The major developing countries like India and China, in turn, have refused to agree to binding targets altogether and are leery of demands that any of their commitments be monitored and verified as part of any agreement.
“Time is not just pressing. It has almost run out,’’ UN climate chief Yvo de Boer said, with a clock nearby showing there were 70 days until world leaders are scheduled to meet in Copenhagen to finalize a pact.
“As many leaders have said, there is no plan B,’’ he continued. “If we don’t realize Plan A, the future will hold us to account for it.’’
Some environmentalists tried to raise the sense of urgency by pointing to the weekend tropical storm that set off the region’s worst flooding in more than 40 years in the Philippines and left 140 dead.
It offered, they said, a glimpse into the kind of turbulent weather that could be unleashed by warming temperatures.
“We are asking the negotiators to look outside these walls.
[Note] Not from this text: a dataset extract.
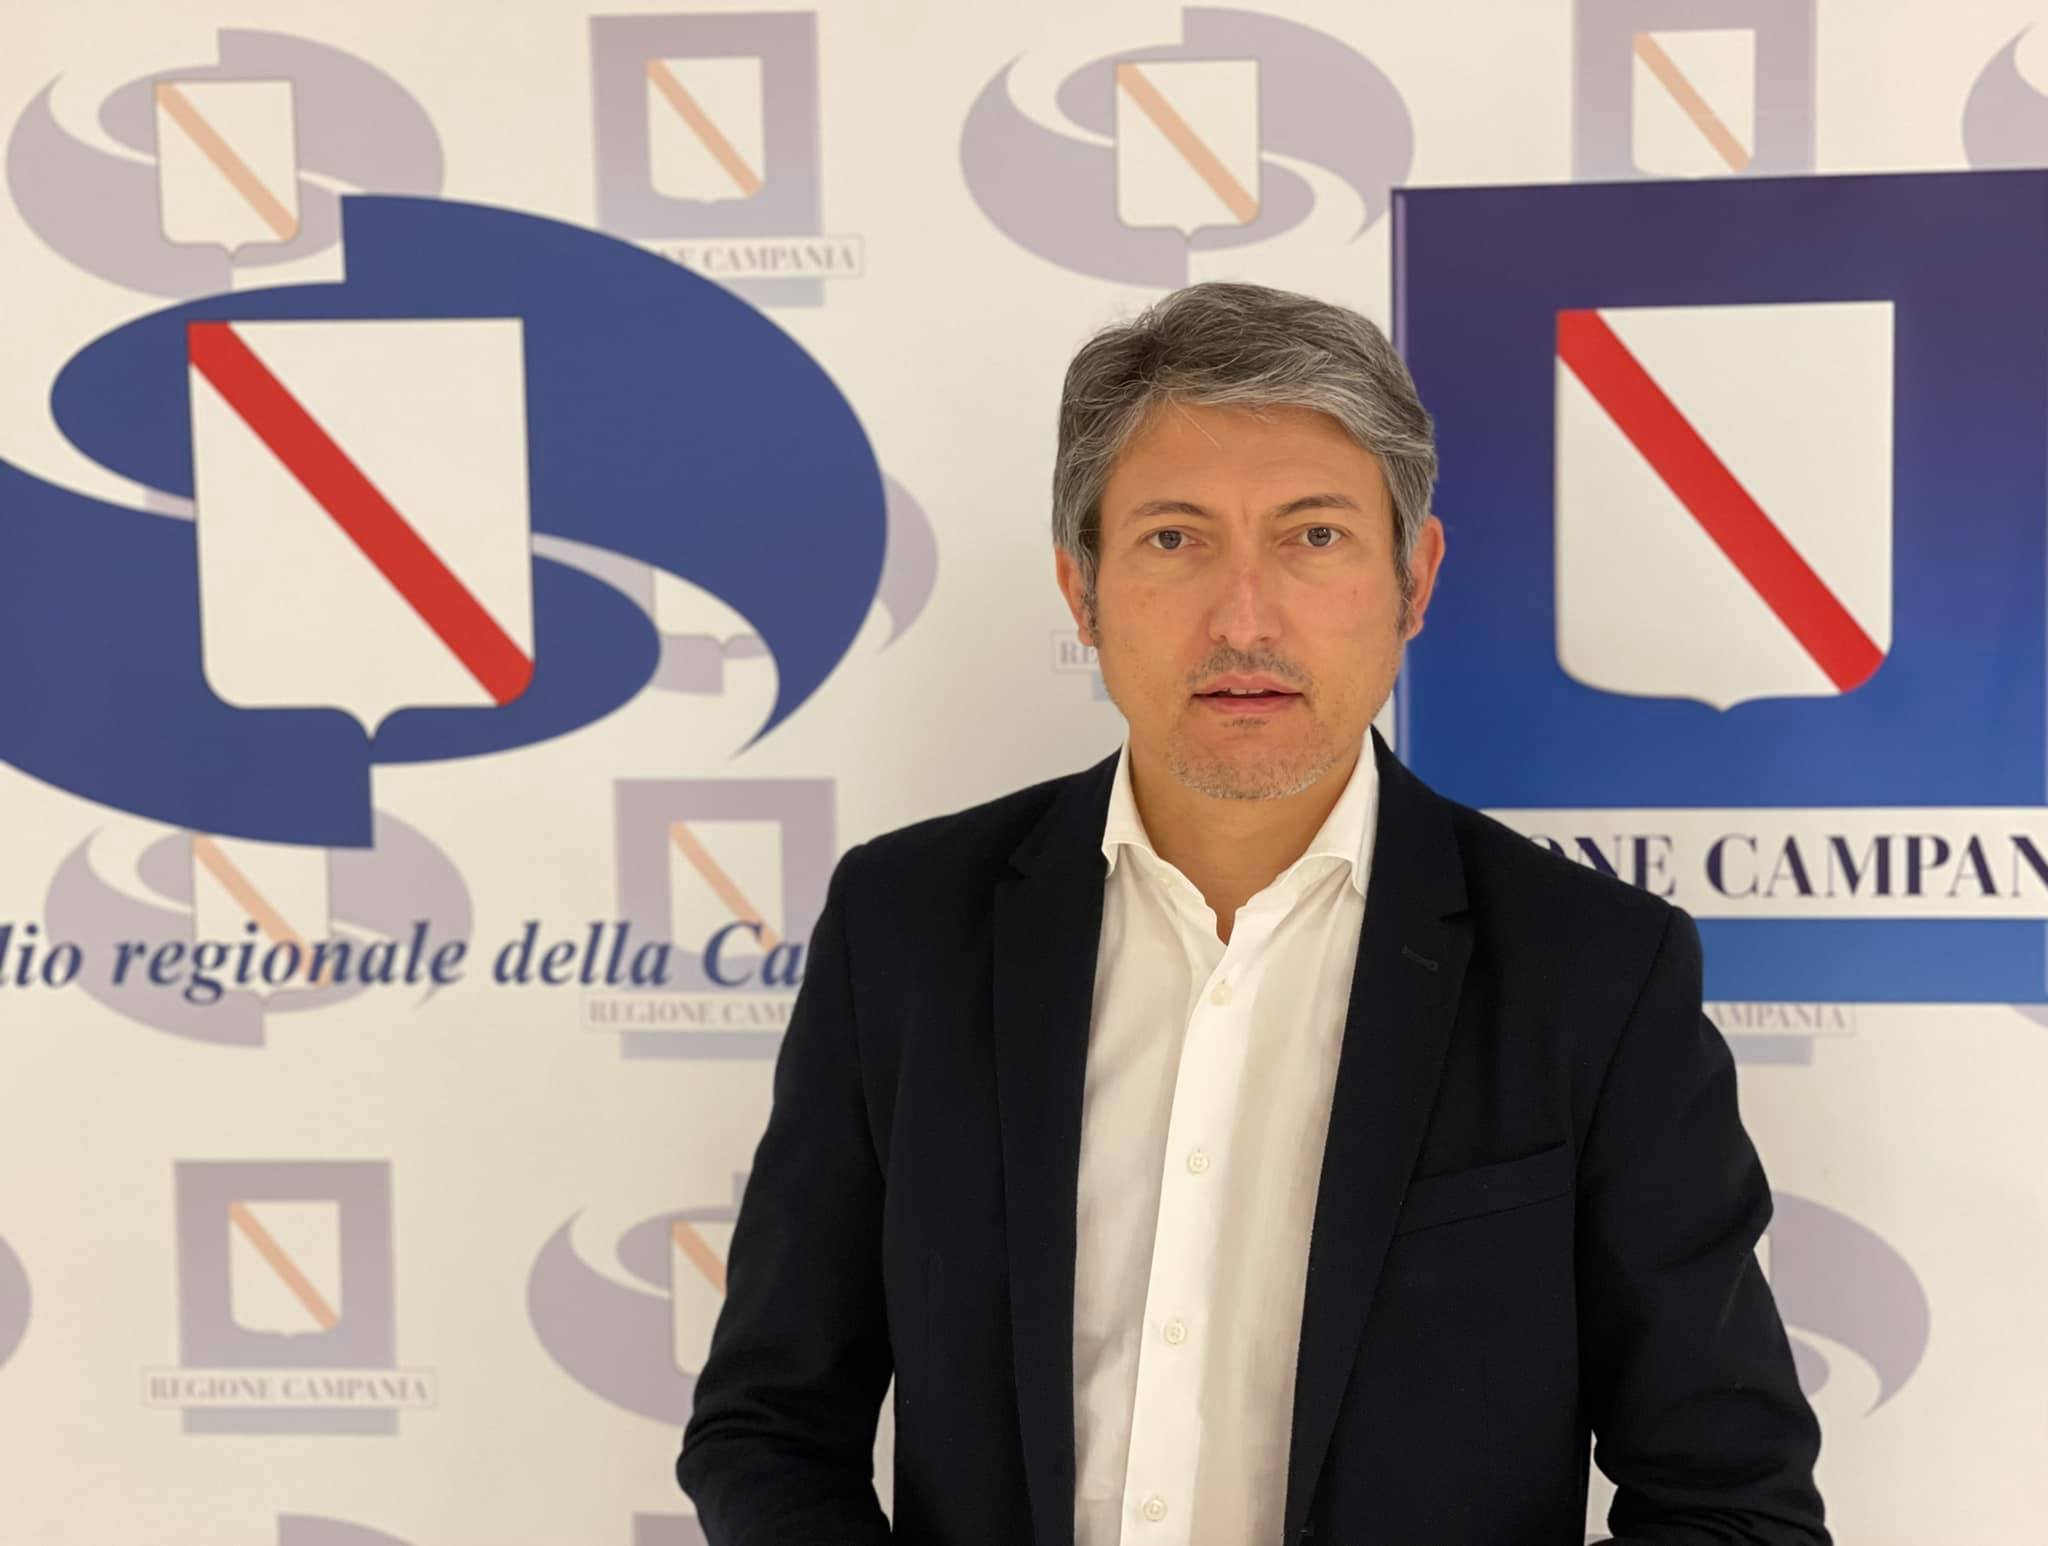 Sanità: Pellegrino: «Misure urgenti per garantire la salute nelle aree periferiche e interne della Campania»

They should realize that it is the people’s lives at stake,’’ said Dinah Fuentesfina, a Philippine activist from the Global Campaign for Climate Action Asia.
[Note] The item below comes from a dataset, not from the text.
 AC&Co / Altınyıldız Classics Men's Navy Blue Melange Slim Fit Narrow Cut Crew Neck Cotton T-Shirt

The need for a deal was also driven home by a UN report last week that showed climate-related events such as the melting of glaciers and polar ice sheets and the increasing acidification of the oceans were happening much faster than scientists had predicted even two years ago.
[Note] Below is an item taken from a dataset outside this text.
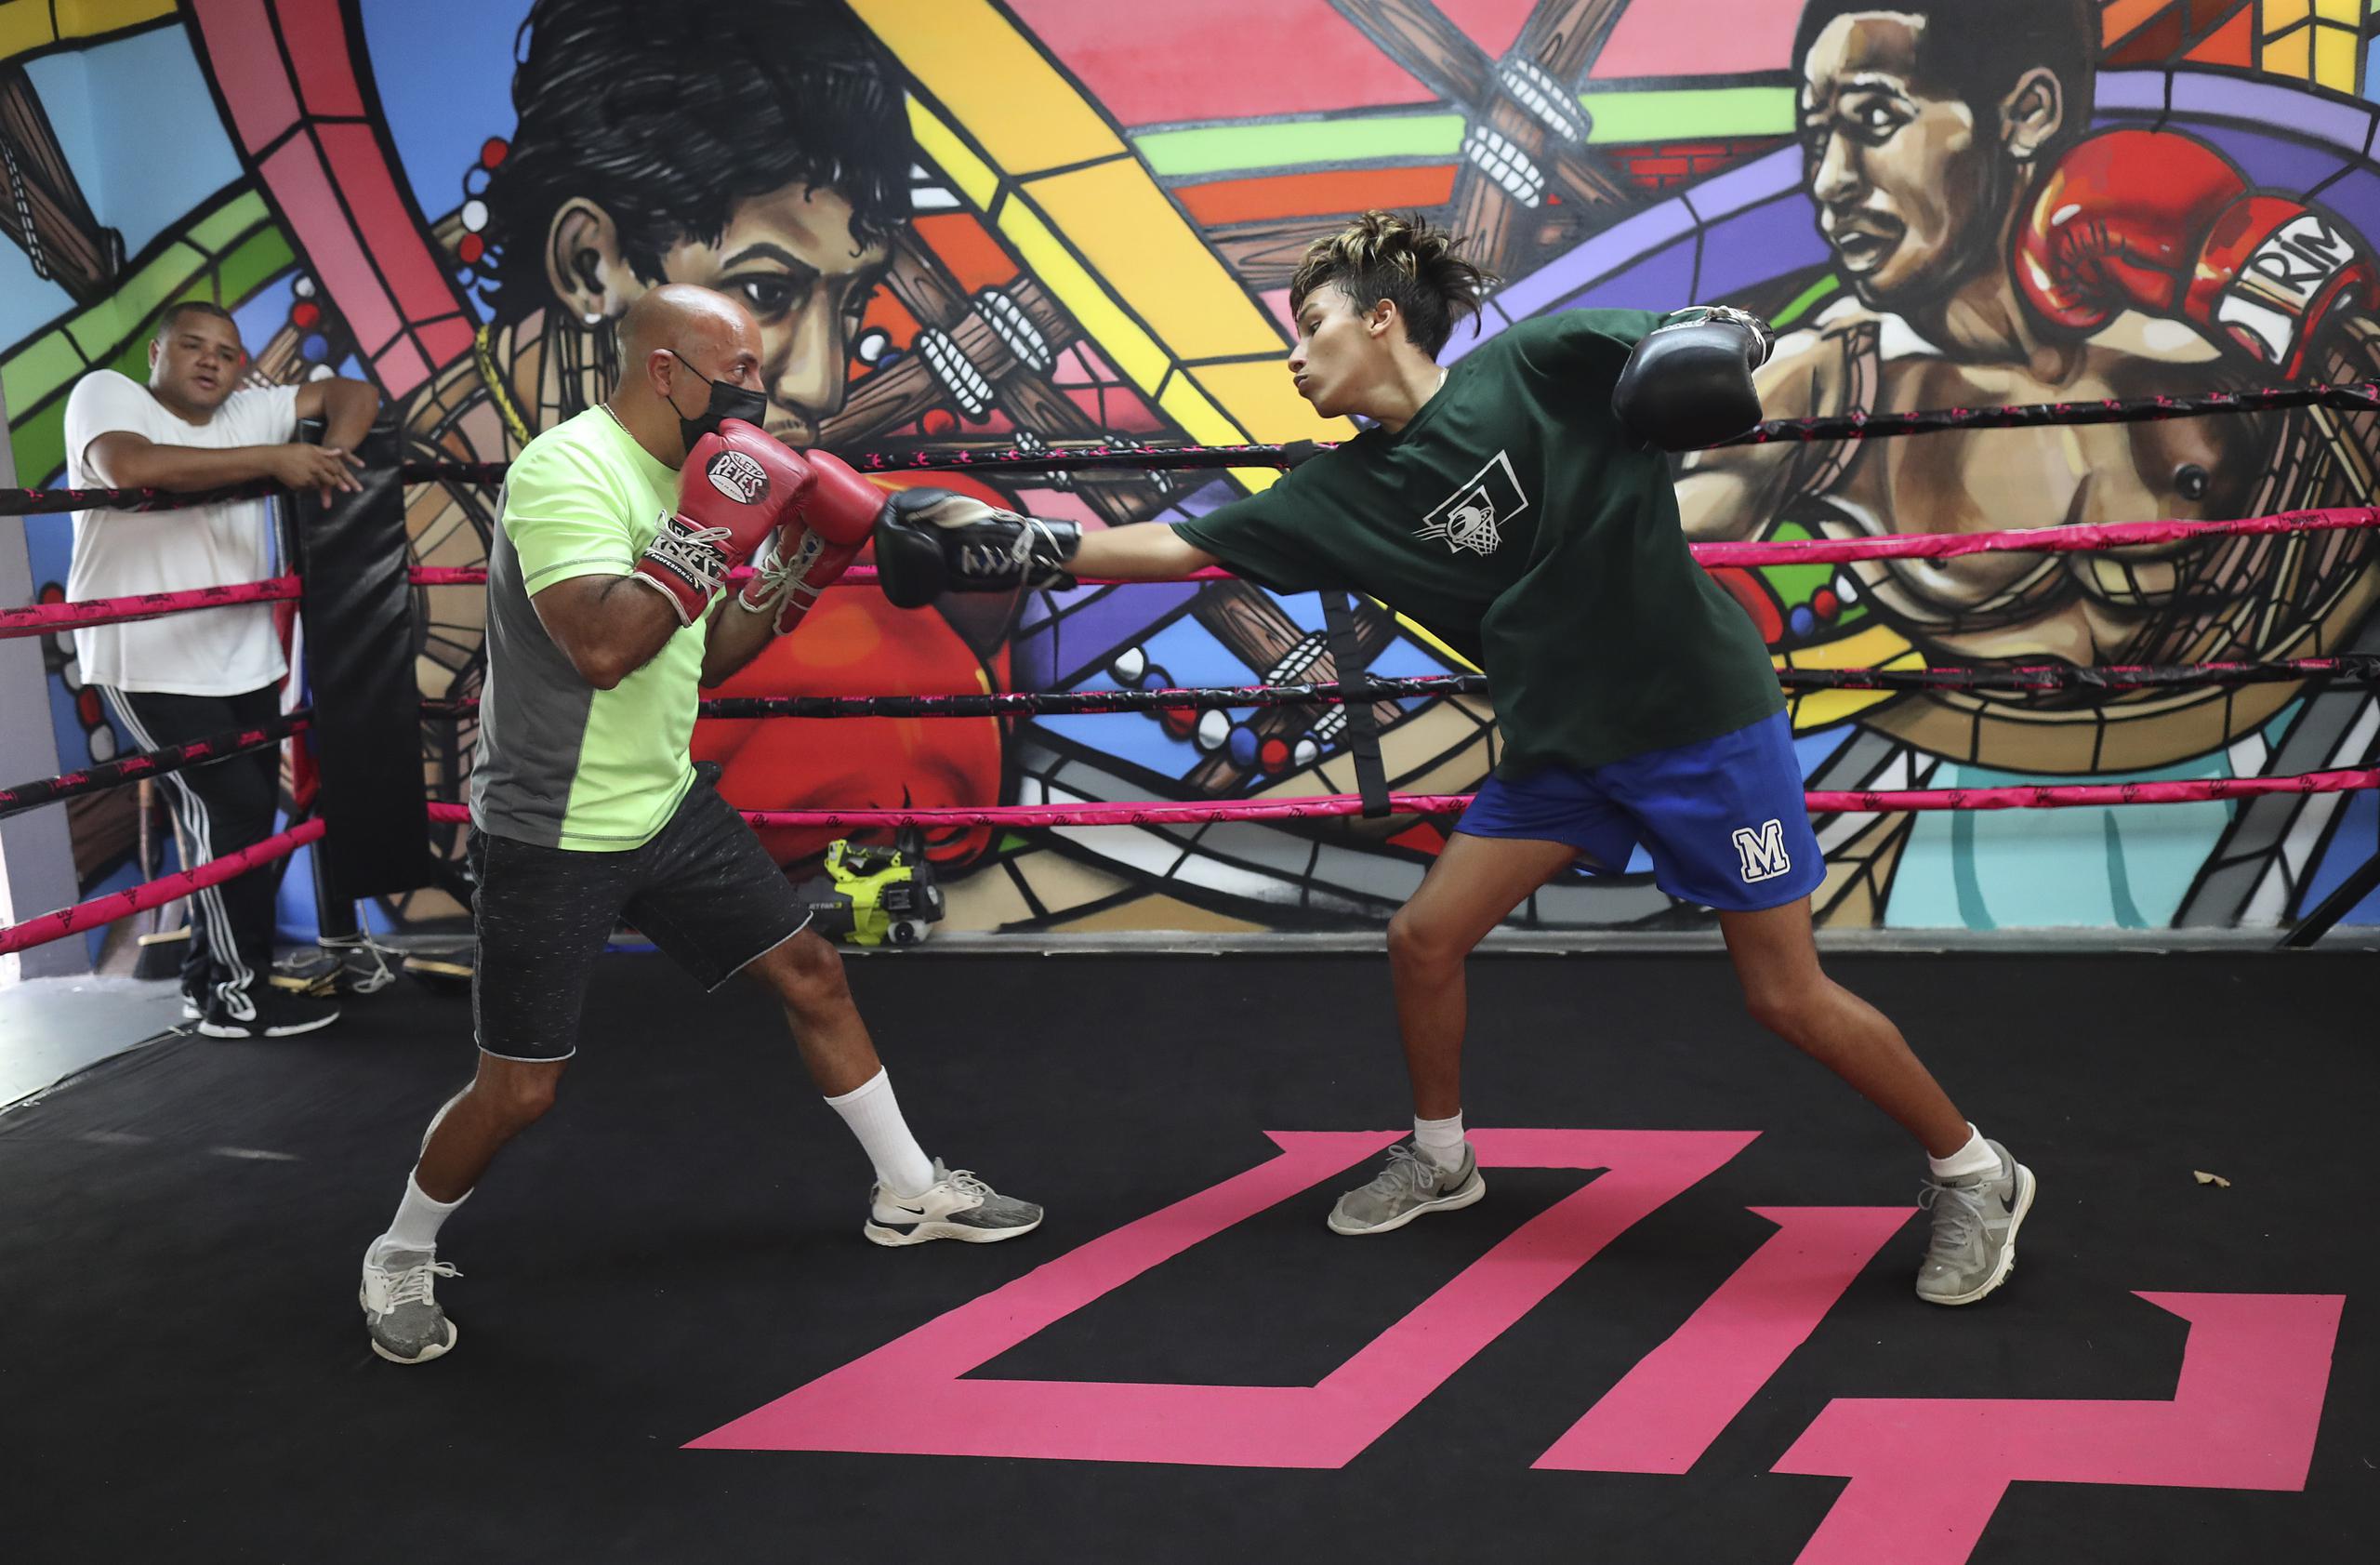 Ian Sebastián Velázquez entrena junto a su padre Luis Alberto en el gimnasio Monterrey Boxing Club.

The two weeks of UN climate talks in the Thai capital, the second to last meeting before Copenhagen, have drawn some 1,500 delegates from 180 countries who are tasked with boiling down an unwieldy, 200-page draft agreement to around 30 pages that will be presented to ministers in Denmark.
Connie Hedegaard, the Danish minister for climate and energy whose country will host the talks in December, told delegates that the world was watching and urged them to build on the momentum that came out of last week’s UN climate summit where 100 world leaders pledged their support for an agreement.